Expanding on why I chose 24-60 months as my parameters: I think the two-year lower bound allowed for expansion of the market with increased FDA approvals and more pressure on insurance companies to fund as the data continued to pile up (here's my additional point: Lilly's Zepbound/tirzepatide just granted authorization for sleep apnea this week, a condition with very limited other therapies), and for pipeline issues to work out (e.g. the autoinjector bottleneck).

I still think there will be lots more competition from other drugmakers in the next few years and it will be hard for them to sustain the price of their drugs and thus their current share price.

The five-year upper bound was with an eye to your point of patent expiration/emergence of competitor drugs and generics.

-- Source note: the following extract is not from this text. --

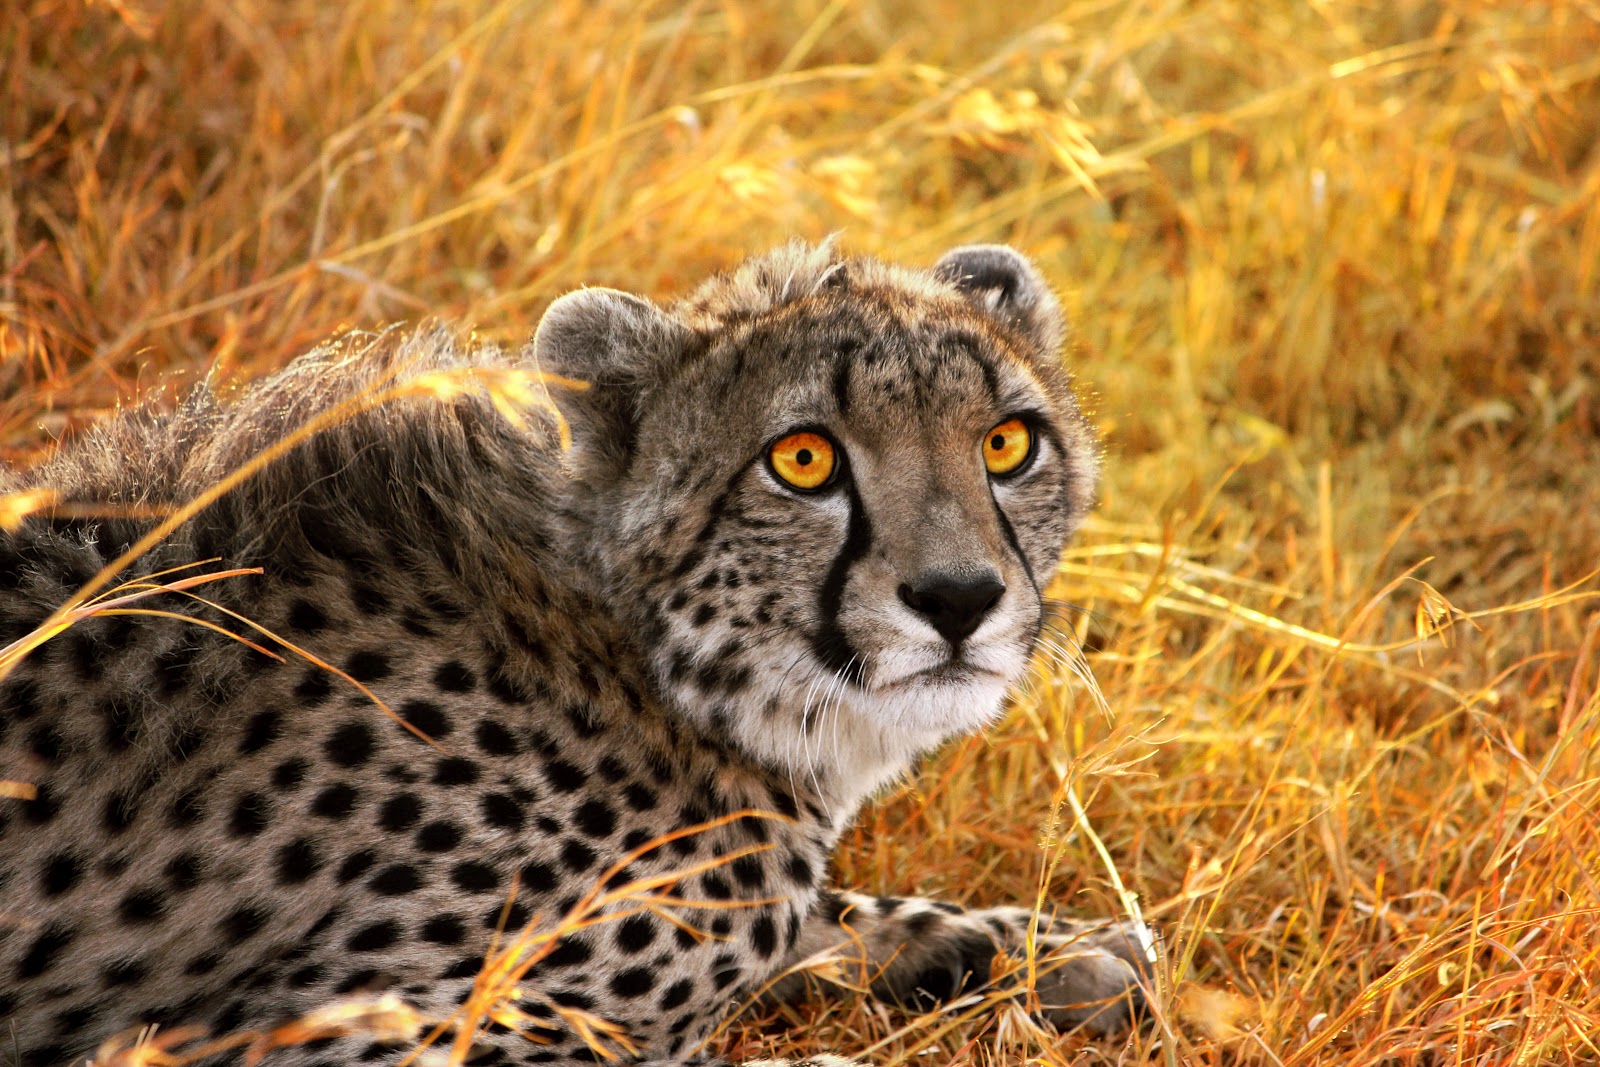 The Spotted S Yellow Cheetah Background
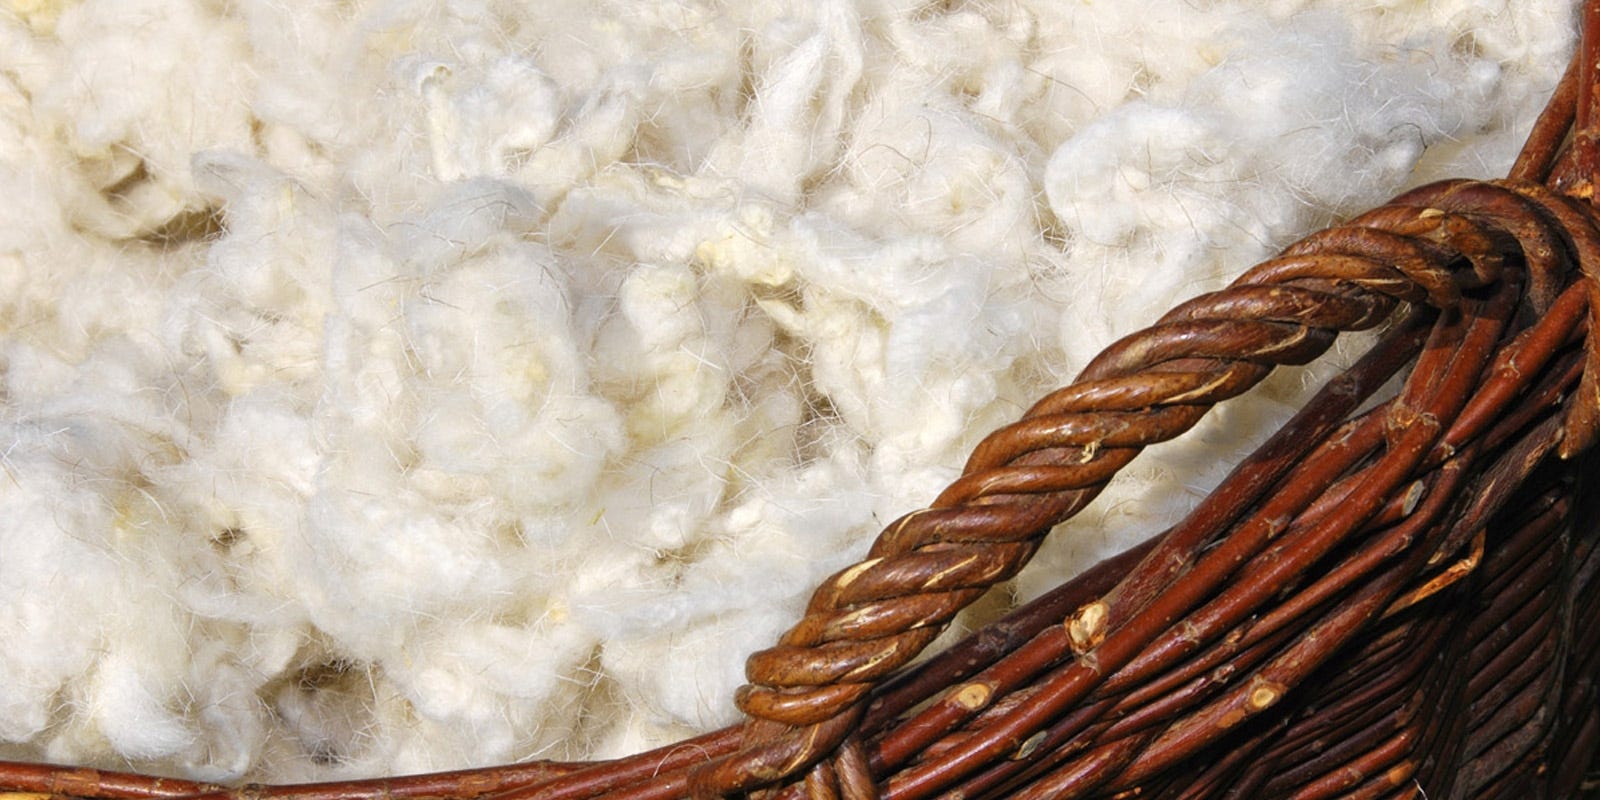 Is Wool A Natural Fire Retardant?

But I think the first-mover advantage that LLY and NVO have will slow down in a period measured in years, not a few quarters: they have the pipeline, as well as in-progress looks at their clinical trial data.

Besides, I don't think I can pretend to see much further than two years out on just about anything. The risk of one or all of these drugs having an unsuspected Achilles heel is nontrivial, as is unexpected success of a non-LLY/NVO oral substitute.

Nonetheless, having the reigning champion a half-lap ahead only a short time after the starting gun certainly reinforces my putting down only a percent or two of my BRK on this.

You may well be right, or maybe not come mid-2026 to mid-2029 (and I get to choose the exit day). We'll see.